Question

Air is blown at the mouth of a tube of length 25 cm and diameter equal to 2 cm open at both ends. If velocity of sound in air is $330m{s^{ - 1}}$, the sound emitted will have all the frequencies in the group (neglect end correction).
A. $330, 990, 1690 Hz$
B. $302, 664, 1320 Hz$
C. $660,1320,1980 Hz$
D. $660, 1000,3300 Hz$

Answer 1

Hint: The length of the tube is the positive integral multiple of half wavelength of sound waves and velocity is the product of wavelength of sound wave and frequency. We’ll substitute the value of wavelength from the formula of length of the tube in the formula of velocity of the sound wave and then frequency can be calculated. Then, we put the value of n as 1, 2 and 3 in the frequency and all the three frequencies can be calculated.

Complete answer:
Air is blown at the mouth of a tube whose length (l) is 25 cm and diameter (d) is 2 cm and the tube is open from both the ends and thus it is known as open organ tube. As both the ends of the tube are open, therefore the waves are reflected from these ends with change of type but the particles continue to move in the same direction even after the reflection of the waves at the open ends. So, the particles have maximum displacements at the open ends.

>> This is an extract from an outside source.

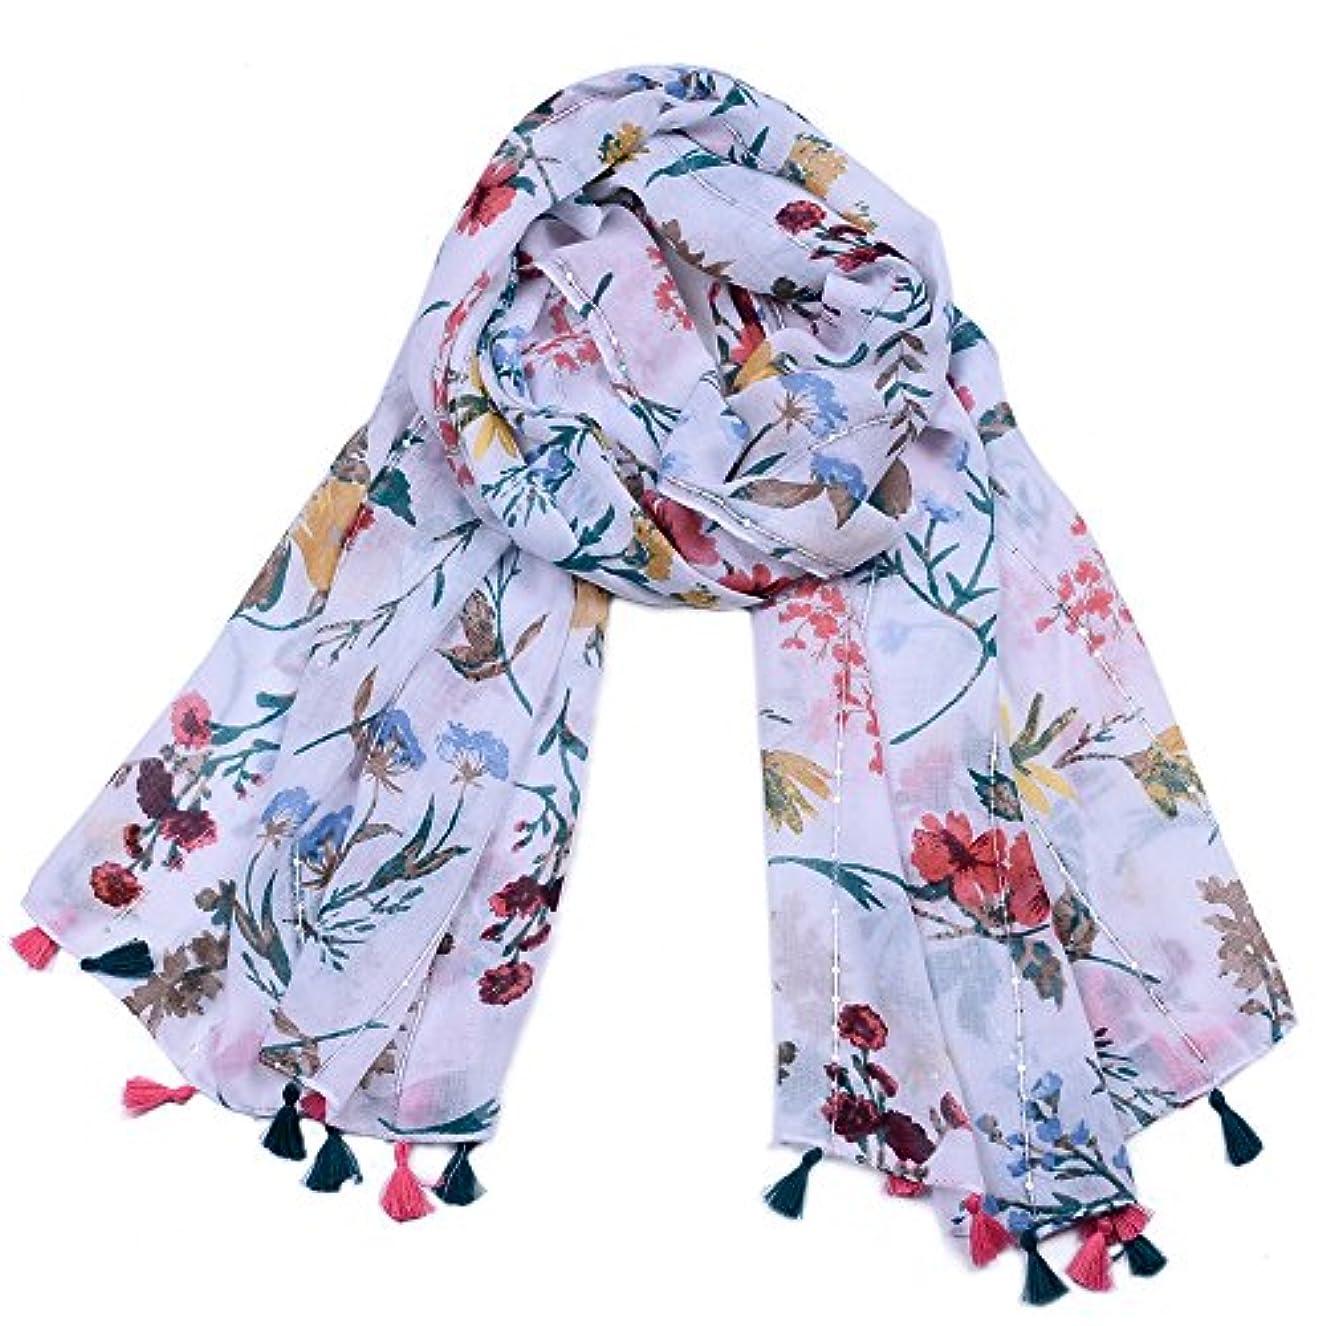 スタック章元気なXZP 春夏と秋のスカーフ、花柄のプリント、レディースショールズVoileイベントイブニングドレスウェディングパーティー素敵なギフト

Thus, antinodes are formed at the open ends. In other words, antinodes are the position of maximum displacement above and below the rest position. Now, the length of the tube $\left( l \right) = \dfrac{{n\lambda }}{2}$ where λ is the wavelength of the sound and n is the number of nodes formed and also the antinodes formed at the open ends are separated by n nodes and n+1 antinodes. The amplitude whose magnitude is zero is known as node.
Hence,
$l = \dfrac{{n\lambda }}{2}$
$\Rightarrow\lambda = \dfrac{{2l}}{n}$
$\Rightarrow v = \nu \lambda $ where $\nu $ is the frequency and v is the velocity of sound in air.
$\Rightarrow v = \dfrac{{2l\nu }}{n}$
$\Rightarrow\nu = \dfrac{{vn}}{{2l}}$
$\Rightarrow\nu = \dfrac{{n \times 330}}{{2 \times 0.25}}\left[ {1cm = 0.01m} \right]$
$\Rightarrow\nu = 660n$ Hz
Now, when $n = 1$ ,
$\nu = 660 \times 1i.e.,660$ Hz
When $n = 2$ ,
$\nu = 660 \times 2$ i.e., $1320$ Hz
When $n = 3$ ,
$\therefore \nu = 660 \times 3$ i.e., $1980$ Hz
Hence, the sound emitted will have all the frequencies in the group $\left({660,1320,1980Hz} \right)$ .

Therefore, option C is correct.

Note: In an open organ tube or pipe, the tones of frequencies are $\nu ,2\nu ,3\nu ,.......n\nu $ by adjusting the pressure with which air is blown into the tube. The speed of the sound is in $m{s^{ - 1}}$ and hence we should convert the length of the tube from cm to m.